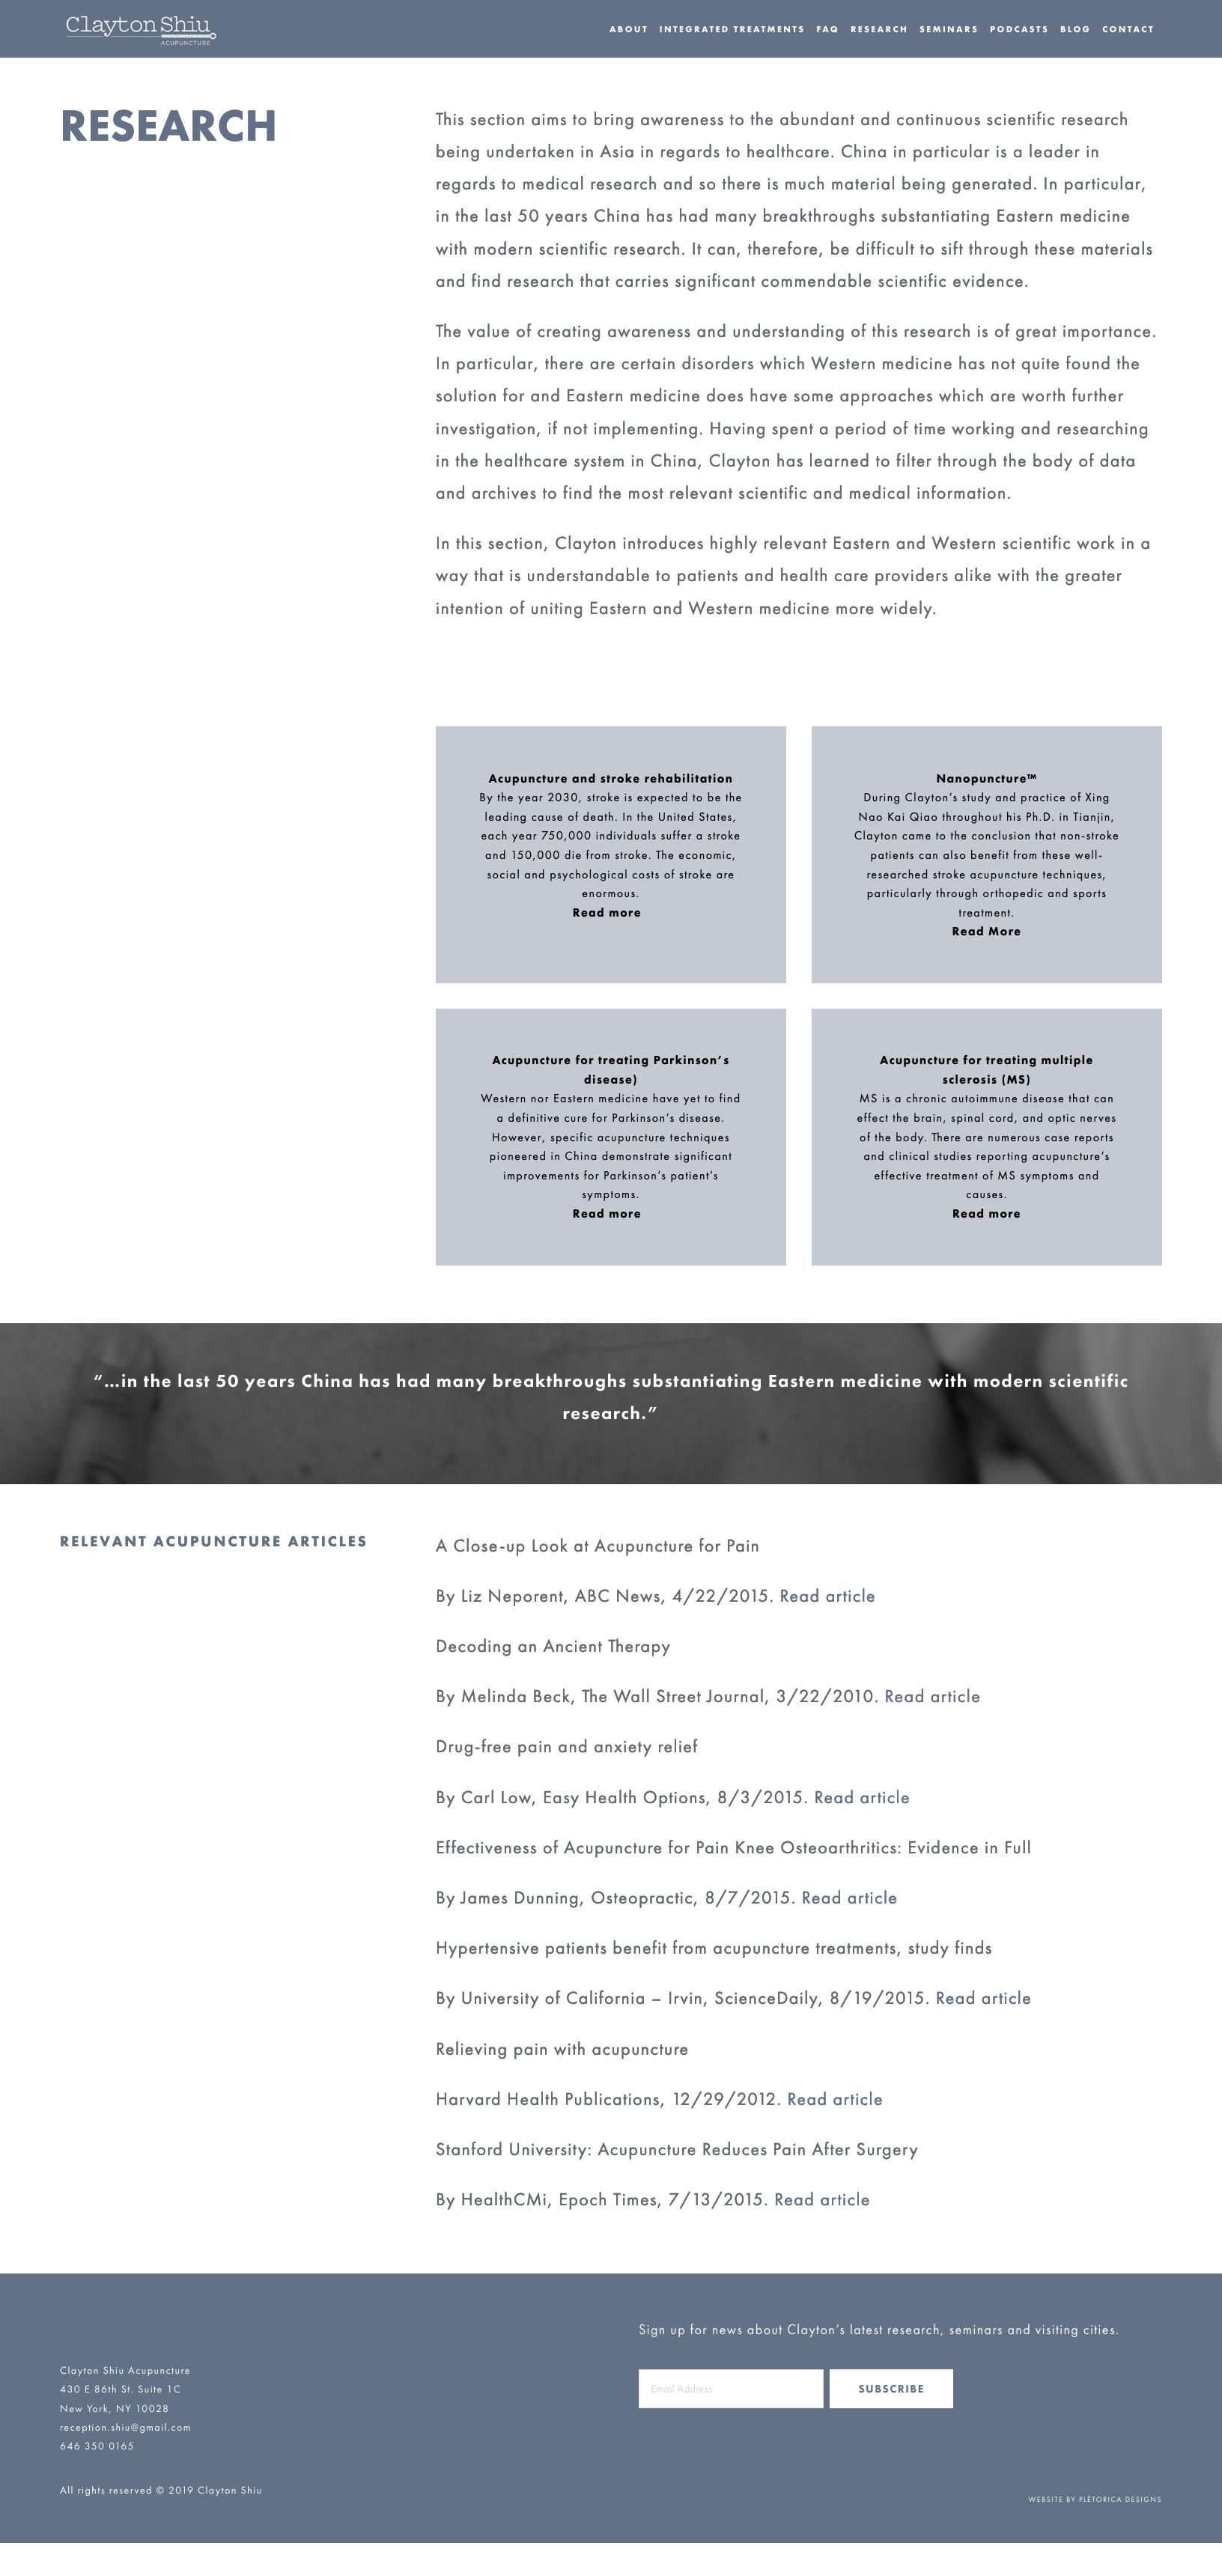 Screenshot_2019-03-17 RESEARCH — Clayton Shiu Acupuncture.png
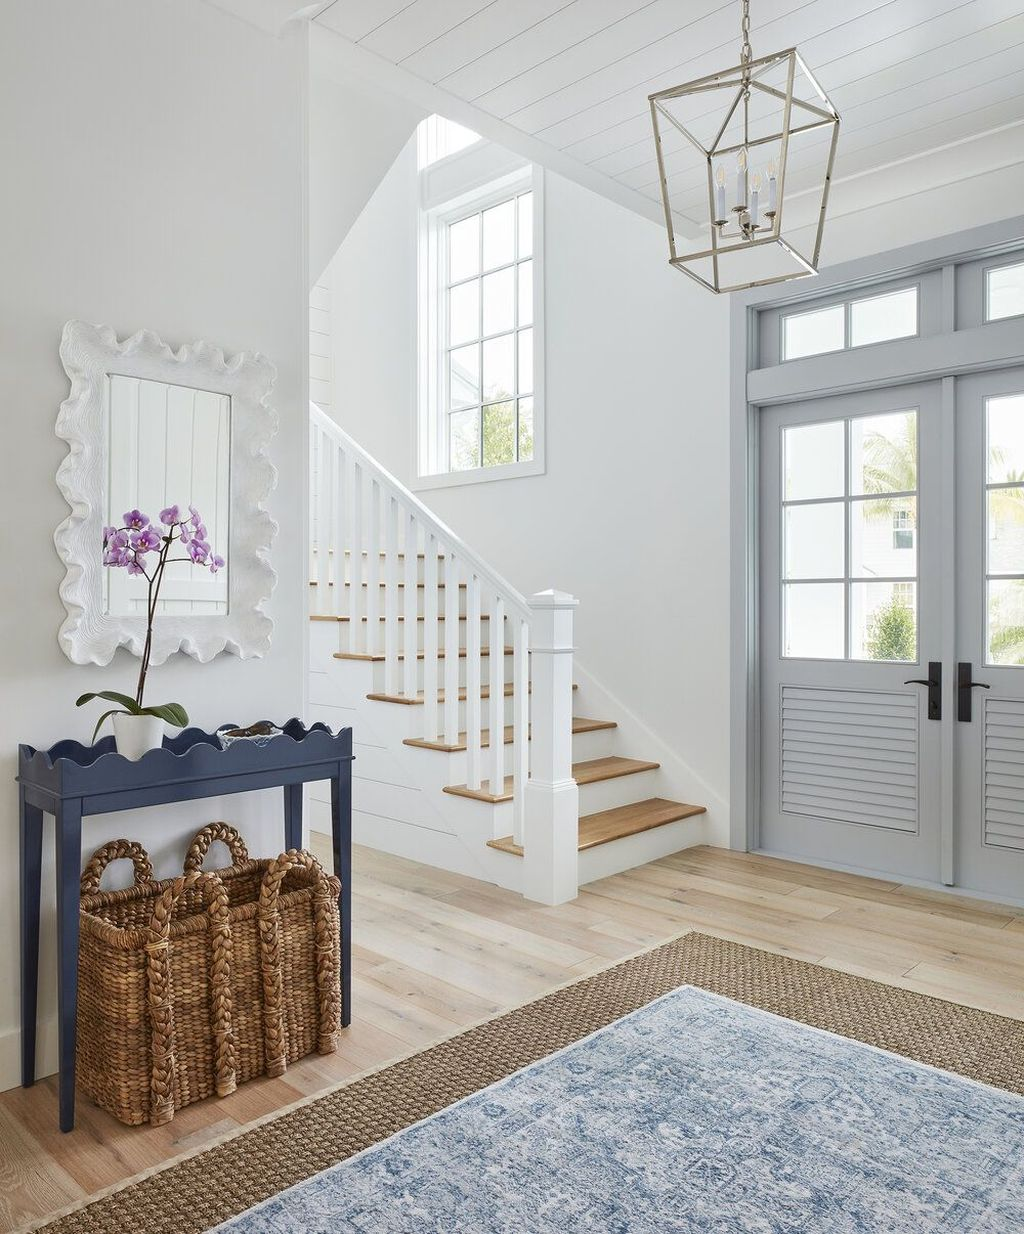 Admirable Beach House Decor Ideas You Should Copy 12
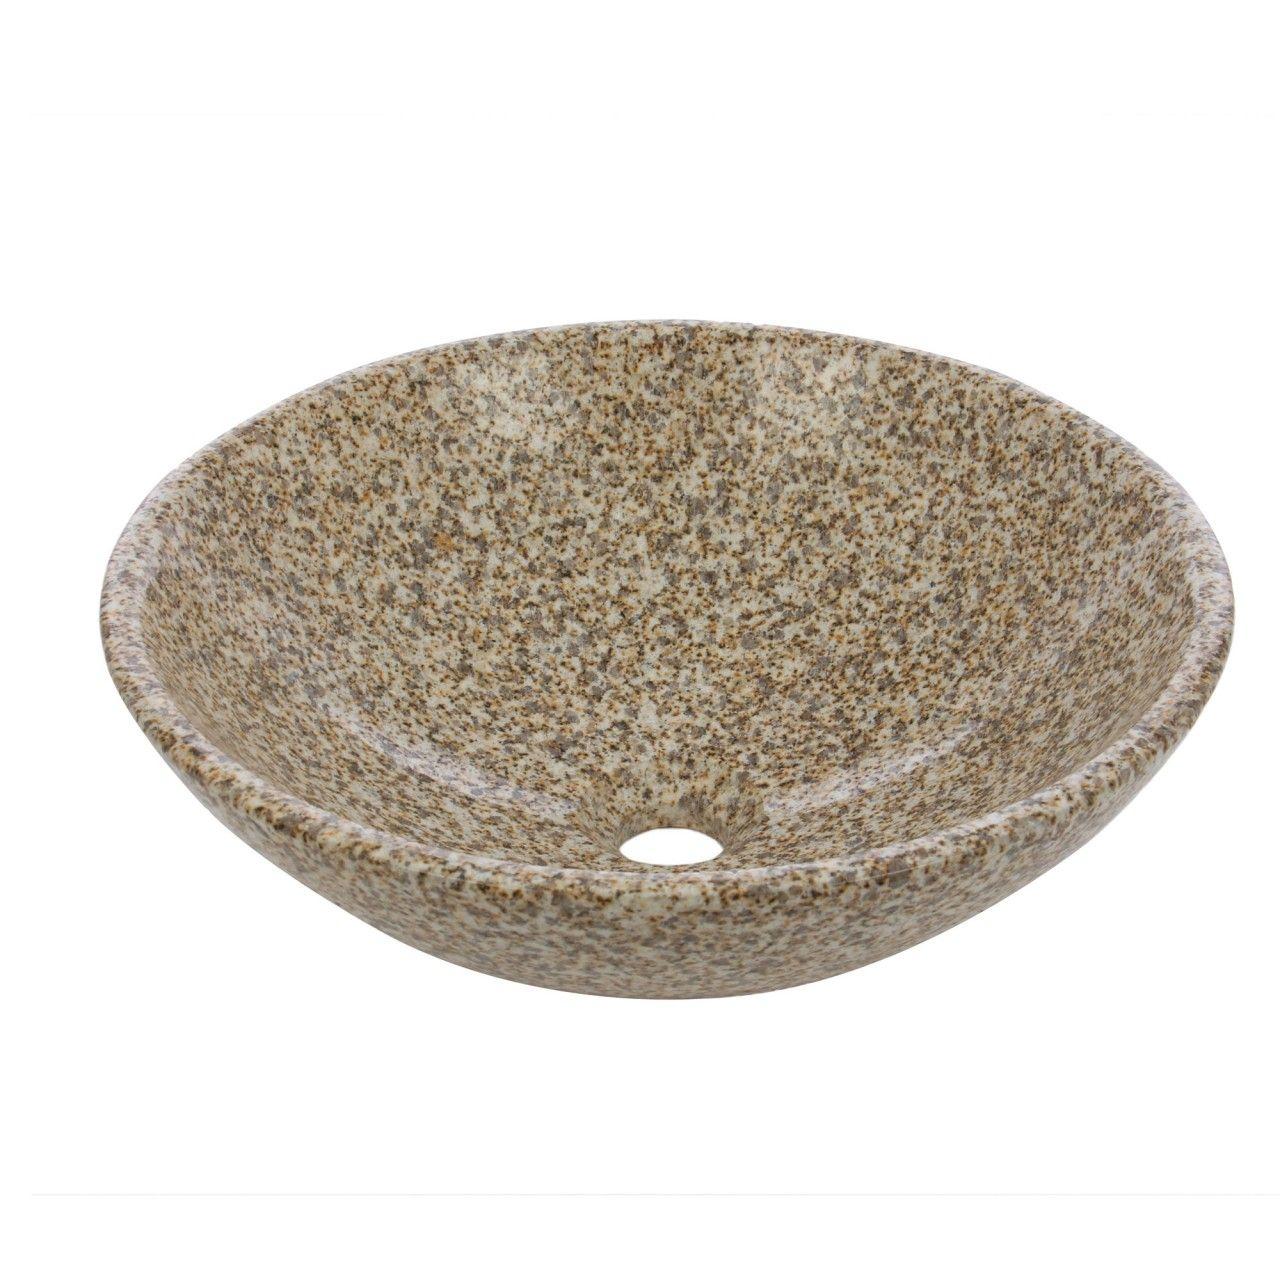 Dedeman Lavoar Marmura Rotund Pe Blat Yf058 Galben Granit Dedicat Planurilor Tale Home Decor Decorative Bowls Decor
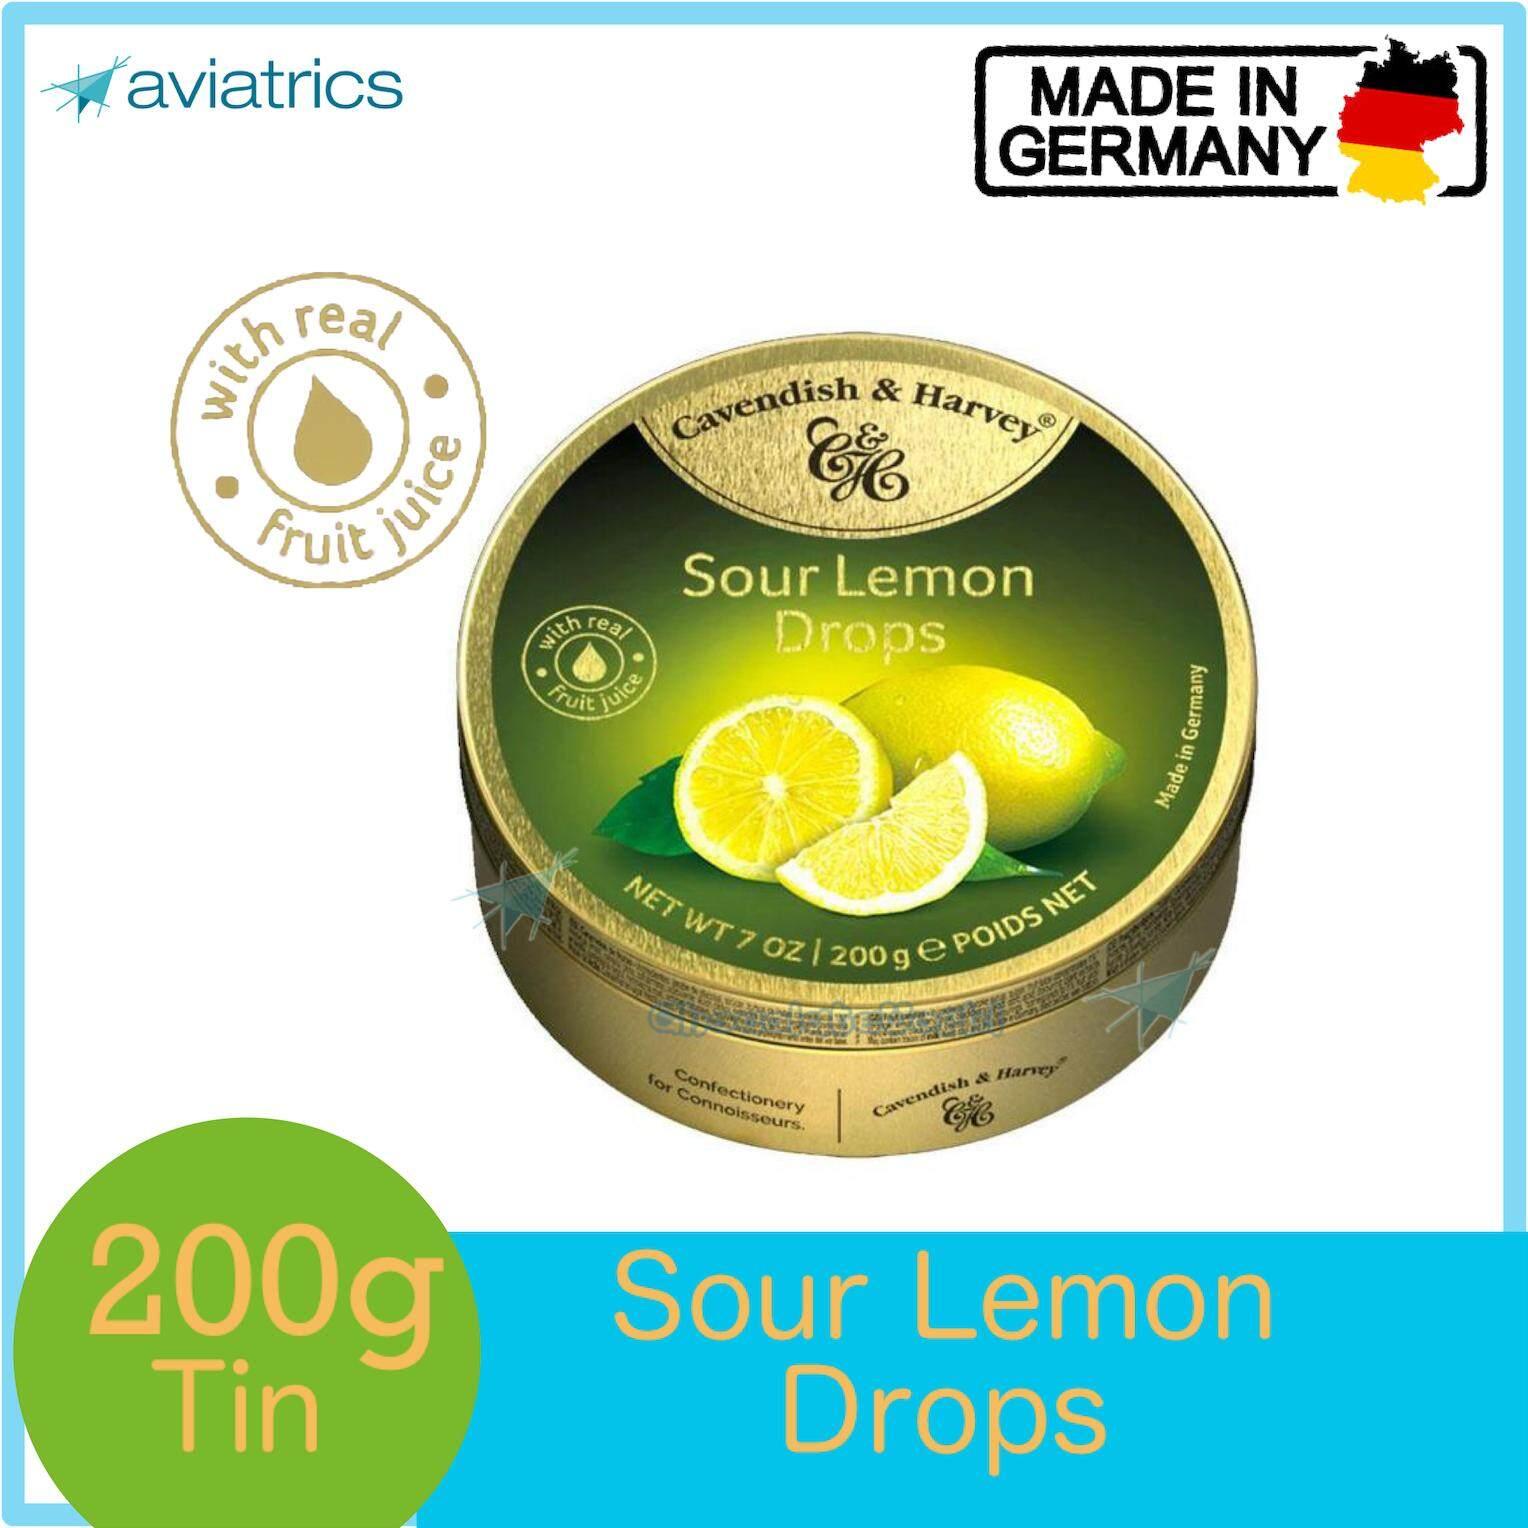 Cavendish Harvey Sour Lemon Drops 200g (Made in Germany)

====

Assigned task
Copy out every line above without change, dropping the pictures.

Response to this task
 Screenshot_2019-03-17 RESEARCH — Clayton Shiu Acupuncture.png
 Admirable Beach House Decor Ideas You Should Copy 12
 Dedeman Lavoar Marmura Rotund Pe Blat Yf058 Galben Granit Dedicat Planurilor Tale Home Decor Decorative Bowls Decor
 Cavendish Harvey Sour Lemon Drops 200g (Made in Germany)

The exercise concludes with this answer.